01. A controvérsia trazida à baila diz respeito à configuração da prescrição da pretensão de reparação civil do recorrente pelos danos morais acarretados pela separação abrupta do recorrente de seus genitores, portadores de hanseníase ao tempo dos fatos, e se restou ou não configurada a responsabilidade civil da União.
02. Inicialmente, cumpre mencionar que a jurisprudência do Superior Tribunal de Justiça consolidou entendimento de que o prazo prescricional de 05 (cinco) anos, previsto no art. 1º do Decreto 20.910/32, deve ser aplicado à ação indenizatória ajuizada contra a Fazenda Pública, em detrimento do prazo trienal, previsto no art. 206, §3º, V do CC/02.
03. Como regra geral, o art. 1º do Decreto nº 10.910/32 prescreve como termo inicial de contagem, a data do ato ou fato da qual se originarem.
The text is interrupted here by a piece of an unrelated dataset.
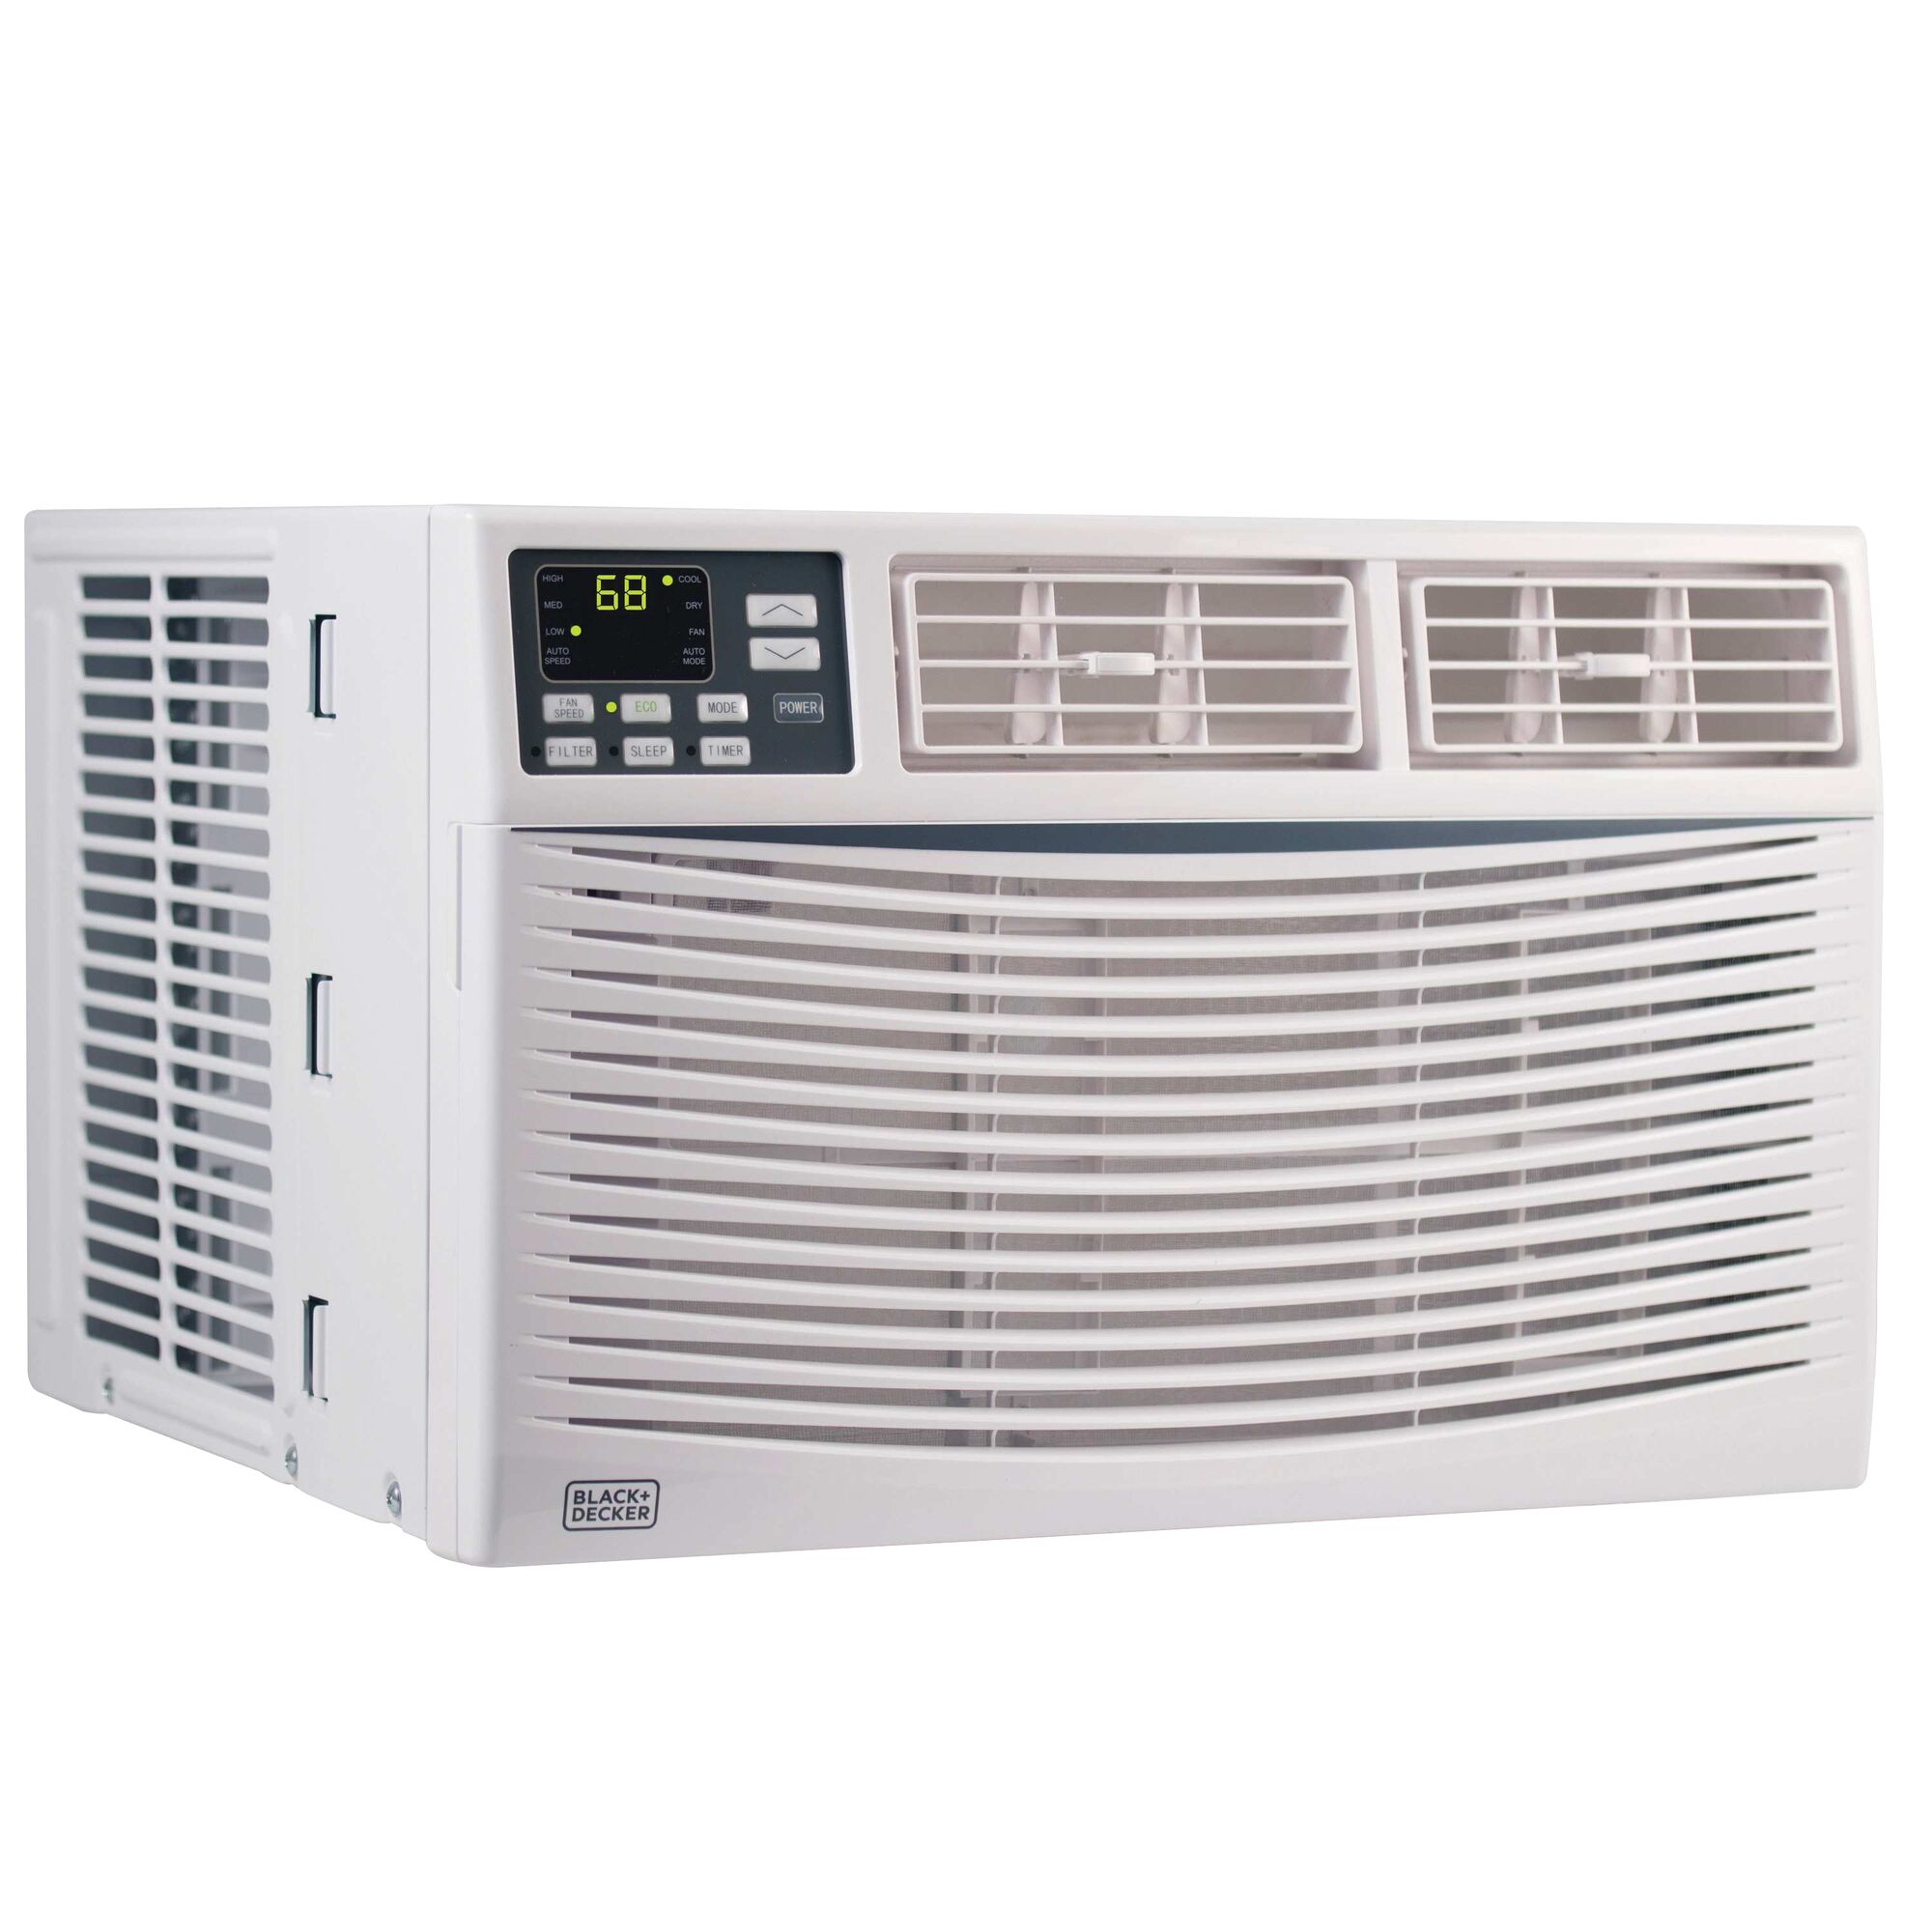 8000 B T U Energy Star Electric Air Conditioner with Remote.

Nessa linha, o mesmo raciocínio é estabelecido pelo legislador civilista, consoante estabelecido na primeira parte do art. 189 do CC/2002.
04. Na espécie, a prescrição começa a ocorrer a partir da data dos fatos, ou seja, no momento da separação entre o recorrente e seus genitores. Porém, por ser menor à época da ruptura dos laços familiares, impõe-se considerar o alcance da maioridade civil para a contagem do lastro prescricional, à luz do art. 198, I do CC/2002.
05. Dessa forma, considerando a data de nascimento do recorrente em 16/06/1957 (ID 136421497), a maioria do requerente se completou em 17/06/1975; porém, a presente ação somente foi protocolada em 28/09/2018, após o transcurso do prazo quinquenal.
06. Sendo assim, o Estado não deve intervir para assegurar o direito daquele que, por si mesmo, não pleiteou, ao seu tempo e modo, a tutela jurisdicional pretendida, afigurando-se escorreita a r. sentença que reconheceu a prescrição.
07. Apelo improvido. Sentença mantida.